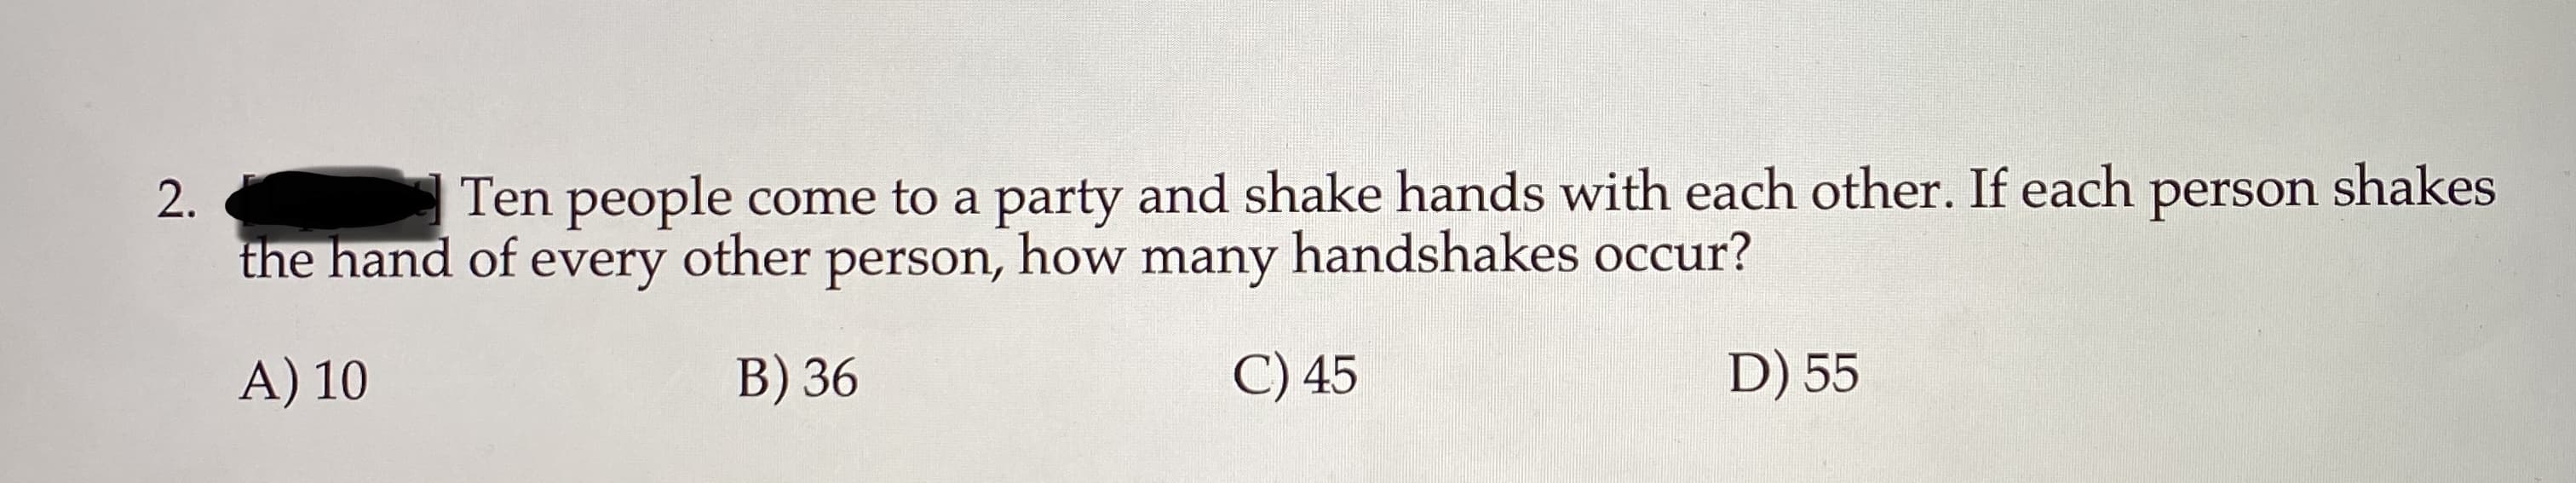 Ten people come to a party and shake hands with each other. If each person shakes
the hand of every other person, how many handshakes occur?
A) 10
D) 55
B) 36
C) 45
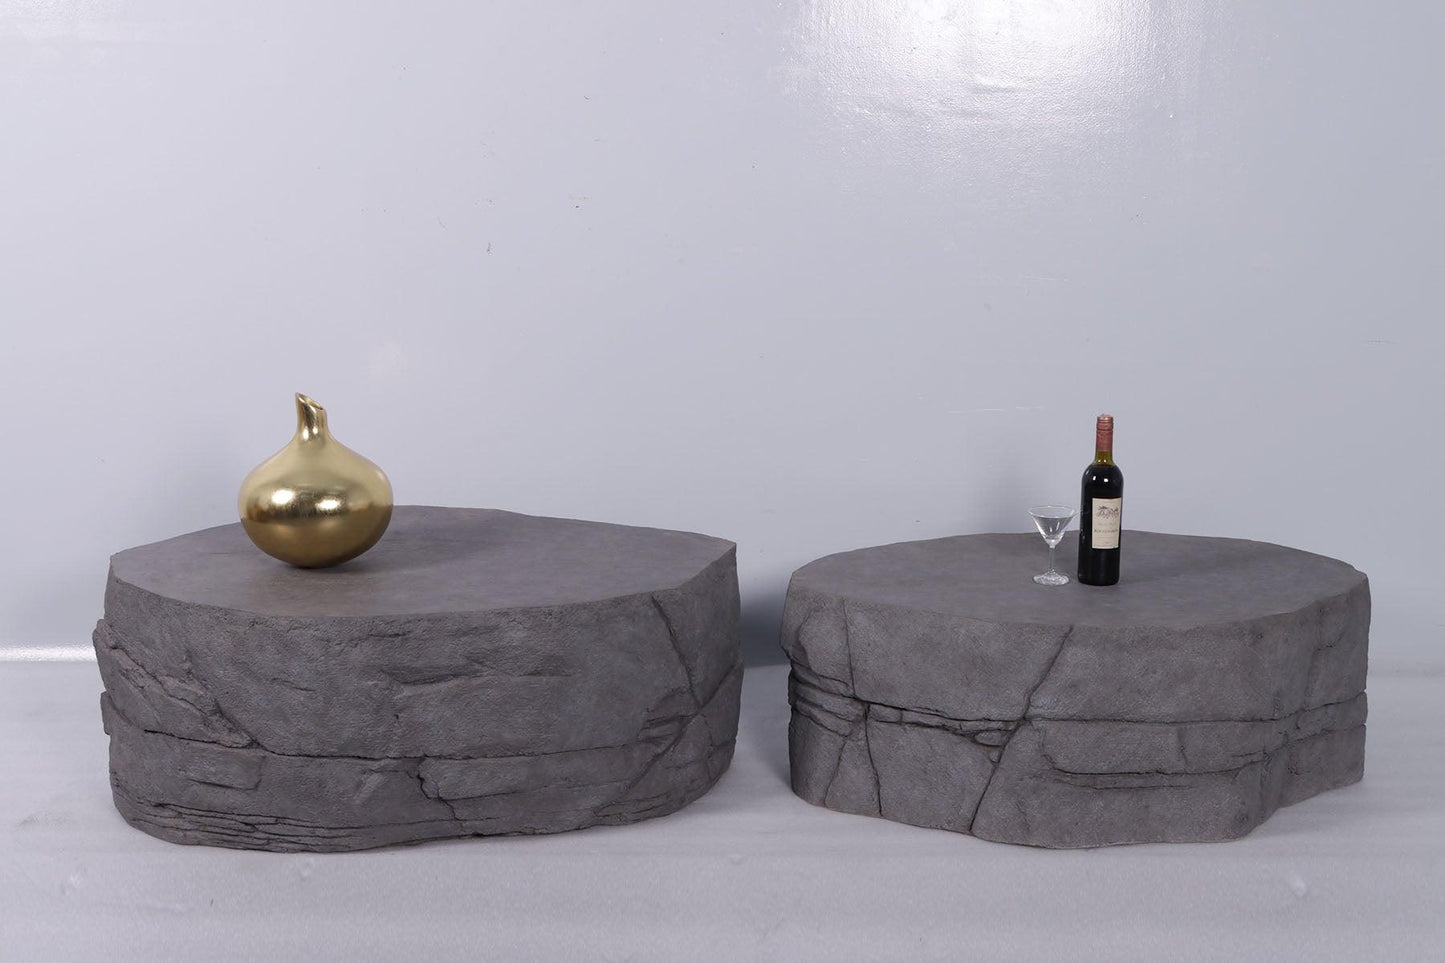 Large Rock Table Life Size Statue

## TASK DESCRIPTION
Print all of the material exactly. Omit pictures.

## RESPONSE
 Ten people come to a party and shake hands with each other. If each person shakes
the hand of every other person, how many handshakes occur?
A) 10
D) 55
B) 36
C) 45
 Large Rock Table Life Size Statue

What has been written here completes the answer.